To launch the Streamlit app, run:
# Launch with direct file loading
moatless-streamlit path/to/trajectory.json
# Launch interactive UI (file can be selected in browser)
moatless-streamlit
The following badges are used to indicate the status of a node:
Badge | Shape | Color | Description |
---|---|---|---|
⭐ | Star | Green | Node is marked as resolved |
❌ | X | Red | Invalid edits or failed tests |
🟢 | Circle | Green | Correct code spans present in the context |
🟡 | Circle | Yellow | Either: • Found files but not spans • Found spans but in wrong files |
To run the evaluation script
moatless-evaluate \
--model "gpt-4o-mini" \
--repo_base_dir /tmp/repos \
--eval_dir "./evaluations" \
--eval_name mts \
--temp 0.7 \
--num_workers 1 \
--use_testbed \
--feedback \
--max_iterations 100 \
--max_expansions 5
You can optionally set the --instance_ids
to evaluate on a specific instance or a list of instances.
Use --use_testbed
if you got access to a testbed environment.

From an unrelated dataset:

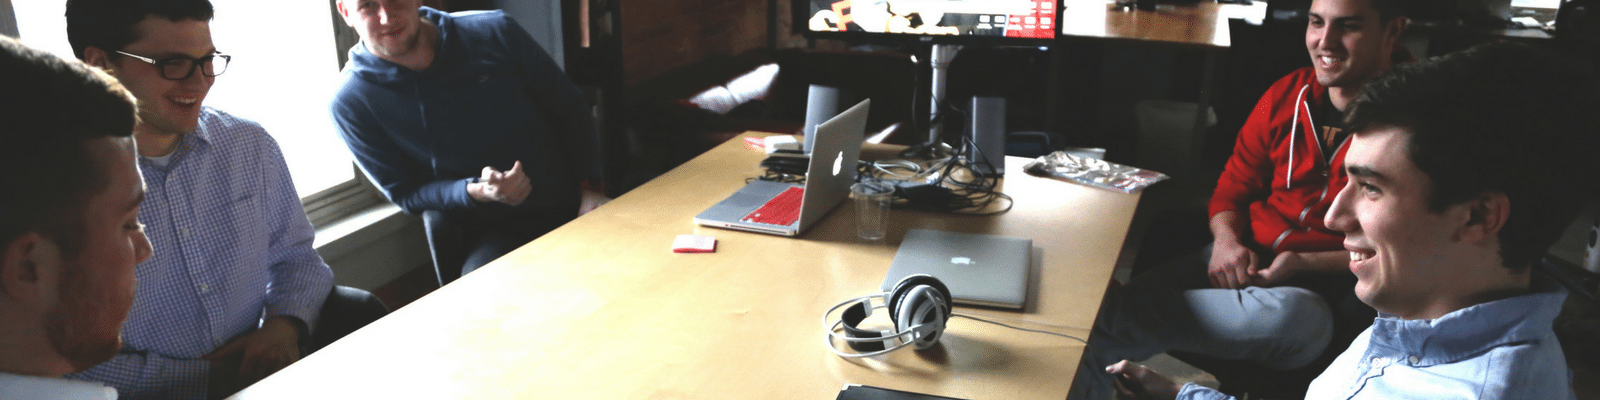 technology desk

Otherwise, tests will not be run.
Basic setup similar to the moatless-tools agent.
from moatless.agent import CodingAgent
from moatless.agent.code_prompts import SIMPLE_CODE_PROMPT
from moatless.benchmark.swebench import create_repository
from moatless.benchmark.utils import get_moatless_instance
from moatless.completion import CompletionModel
from moatless.file_context import FileContext
from moatless.index import CodeIndex
from moatless.search_tree import SearchTree
from moatless.actions import FindClass, FindFunction, FindCodeSnippet, SemanticSearch, RequestMoreContext, RequestCodeChange, Finish, Reject
index_store_dir = "/tmp/index_store"
repo_base_dir = "/tmp/repos"
persist_path = "trajectory.json"
instance = get_moatless_instance("django__django-16379")
completion_model = CompletionModel(model="gpt-4o", temperature=0.0)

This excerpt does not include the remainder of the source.